Les relations người kinh/ người dân tộc (Vietnamiens / ethnies minoritaires) sont très diverses. Dans la province de Bình Định, j’ai rencontré un vieux Vietnamien qui a participé pendant la guerre américaine à la persuasion des minorités ethniques pour qu’ils prennent position du côté communiste. Pendant cinq ans, il a essayé de se faire accepter par la communauté. Il a vu, m’a-t-il dit, que les missionnaires français s’attiraient vers eux l’amitié et la loyauté des minorités, ils s’est alors dit qu’il pouvait le faire aussi. Après trois ans, une dame lui a dit « vous êtes un Vietnamien très curieux, hors norme » car vous n’avez pas un seul des « 4 maux » des Vietnamiens (voler, mentir, draguer et un autre oublié ici). Ce jour-là il a compris qu’il avait réussi sa mission. Cet exemple fait ressortir une chose : il ne s’agit pas d’une relation fondée sur un antagonisme fondamental, une opposition ethnique. Il faut historiciser la relation et étudier les comportements des uns envers les autres.

Pour les migrants vietnamiens en Malaysia, la situation est différente. De manière générale, si vous allez à l’étranger, vous allez rencontrer un élément de crainte de l’étranger dans chaque communauté. Dans le cas des Vietnamiens en Asie du Sud- est, des années 1975-1980, on pouvait lire dans les journaux des pays concernés que la peur du « péril rouge » en Asie du Sud-Est portait non sur l’URSS ni sur les Khmers rouges mais bien sur les boat people vietnamiens qui arrivaient dans le but précis de fuir ce même communisme.

[Michel Bruneau]

Une raison essentielle pour les Malais était aussi de faire venir les Vietnamiens pour créer une pluralité ethnique parmi les migrants notamment Indonésiens.

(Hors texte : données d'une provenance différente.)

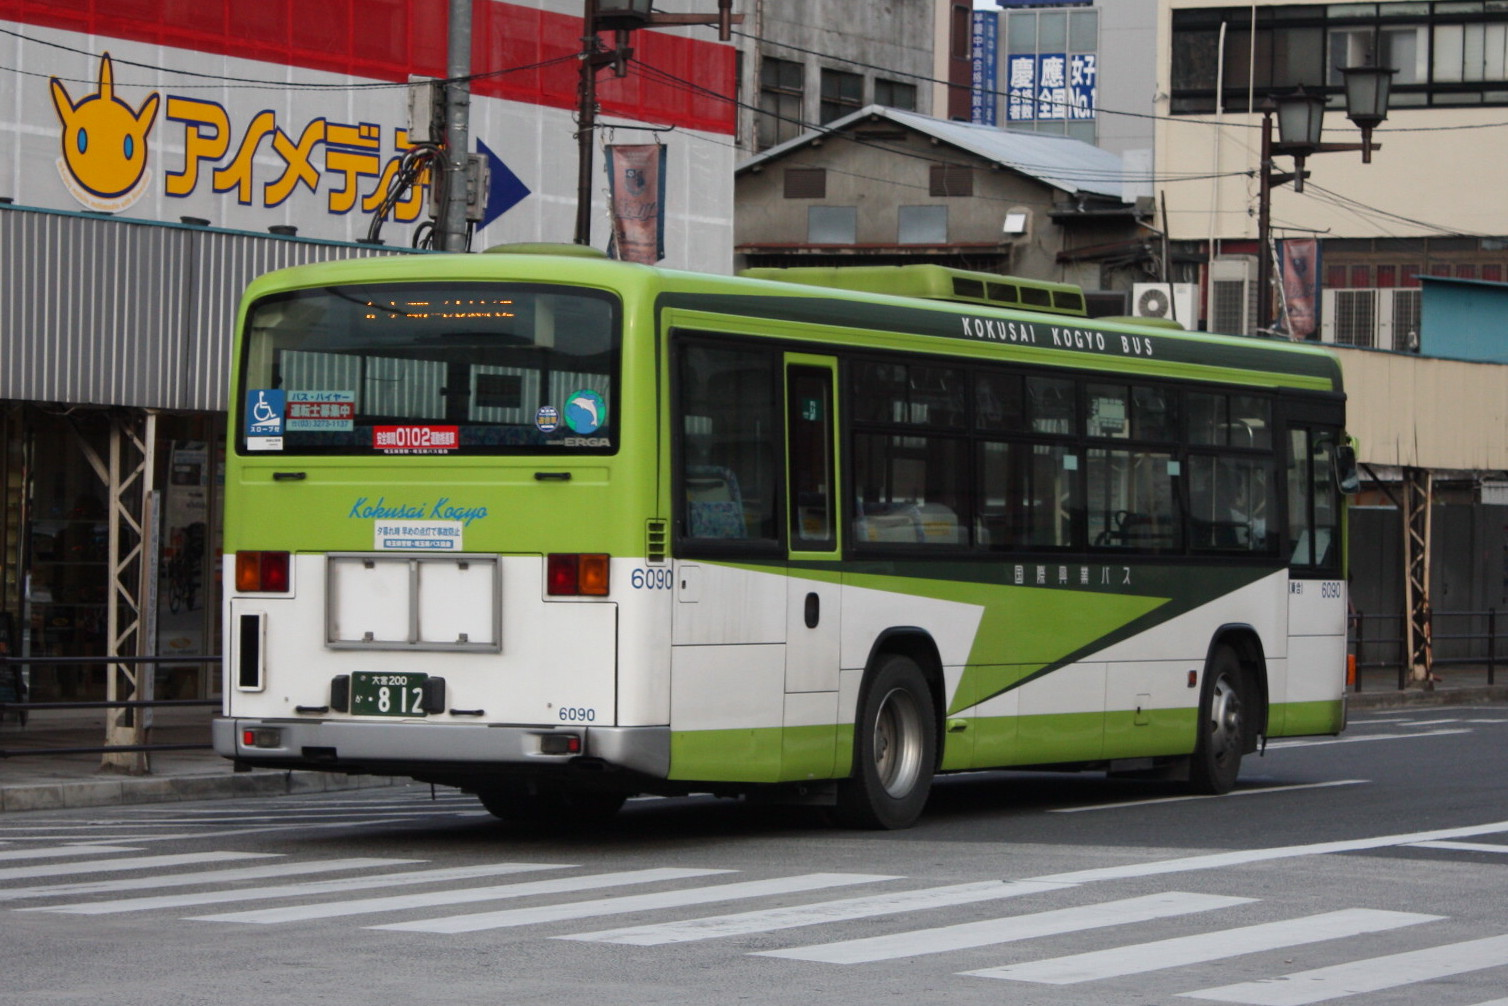 Kokusai_kogyo_bus_6090-2.JPG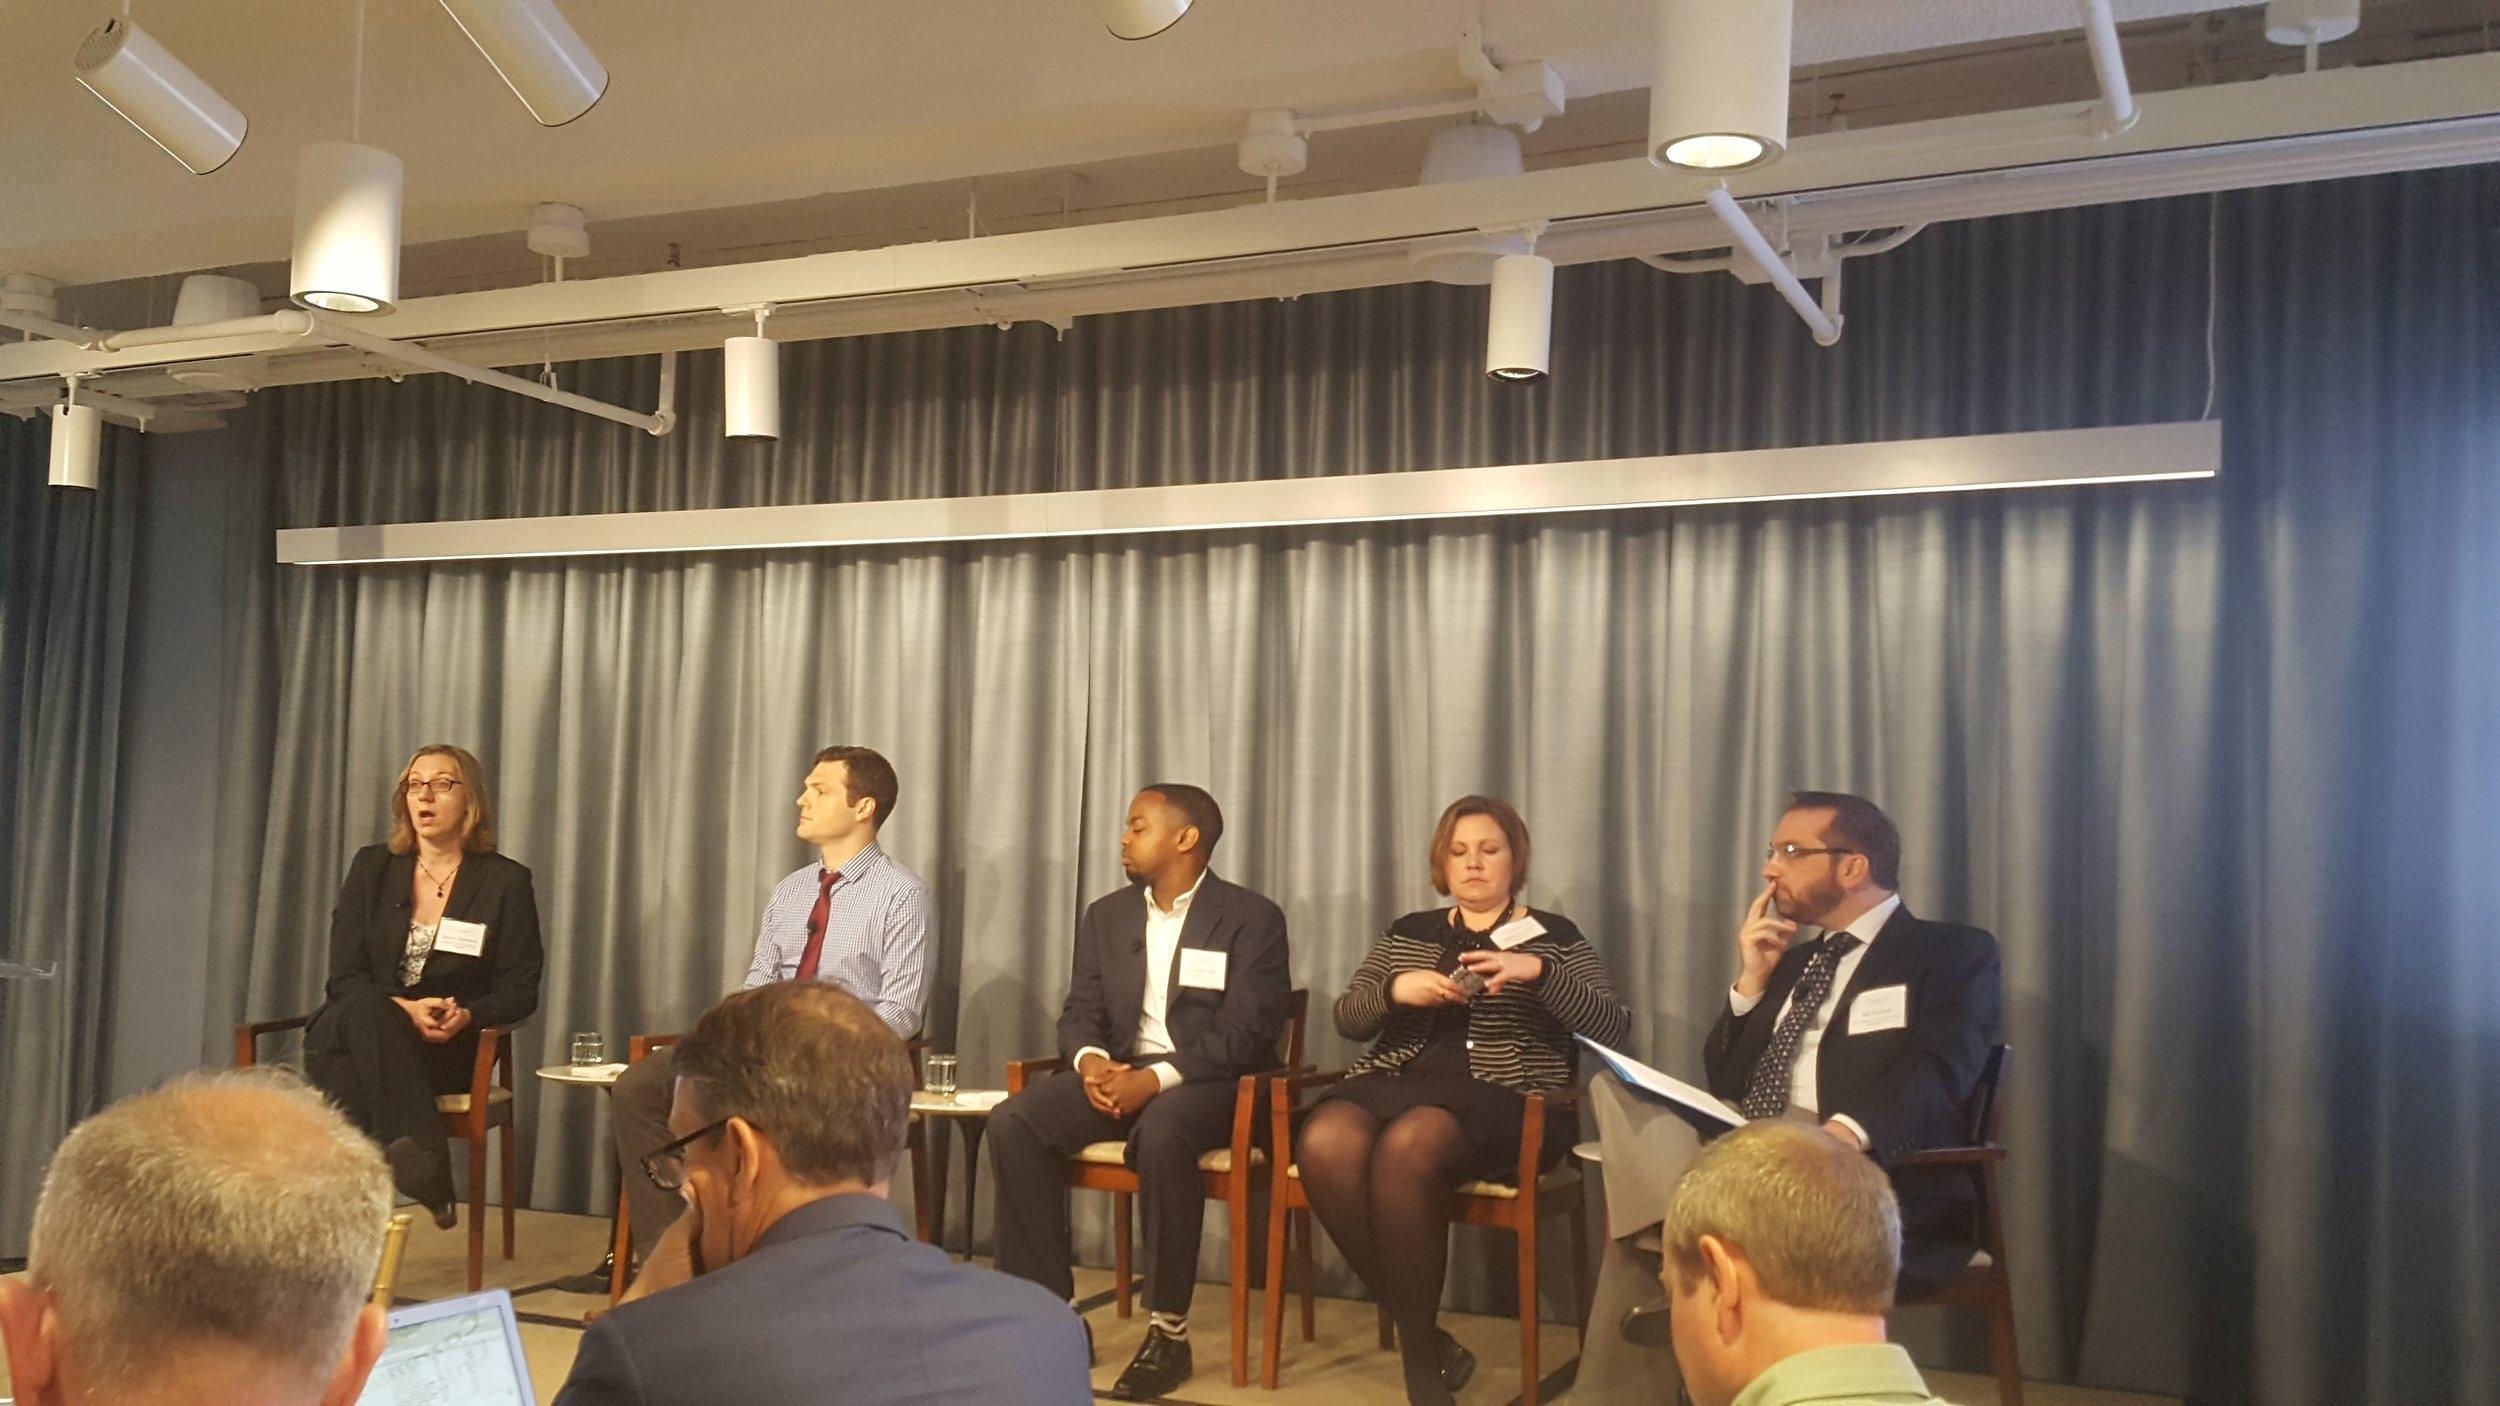 Sandy Misiewicz, CDTC, kicks off the first dialogue spotlighting emerging livable community programs

La migration de type Nam tiến ou de type chinois est une migration qui s’accompagne d’une pression démographique et d’une territorialisation, une migration à but territorial plus ou moins organisé par l’État avec des phénomènes spontanés.

[Andrew Hardy]

Je ne suis pas certain que le Nam tiến soit le résultat d’une pression démographique. Il faudrait à mon avis revenir sur les tensions entre les politiques de l’État et les mouvements spontanés. Je pense qu’il y a d’autres processus en cours.

Nguyễn Thị Hà Nhung

Je ne vois pas beaucoup les Vietnamiens à Khon Kaen où je réside dans le cadre d’un master. Les étudiants vietnamiens ne sont pas nombreux. Ils se concentrent dans le département d’agronomie, ils sont boursiers du gouvernement thaï. En fait, les gens ne disent pas qu’ils sont Vietnamiens. Au début, on m’a prise pour une Japonaise puis le comportement a changé. Je ne comprenais pas pourquoi les gens disaient qu’ils n’aiment pas les Vietnamiens. Des migrants des années 1940- 50 parlent encore vietnamien mais ce n’est pas le cas des nouvelles générations. Il y a douze ans, la citoyenneté a été accordée aux Vietnamiens de Thaïlande mais la reconnaissance par la communauté pose encore problèmes. On étudie beaucoup le vietnamien dans les universités de Thaïlande. Des amis métis me disent qu’ils veulent venir et connaître le Việt Nam. La discrimination existe encore mais les signes sont encourageants.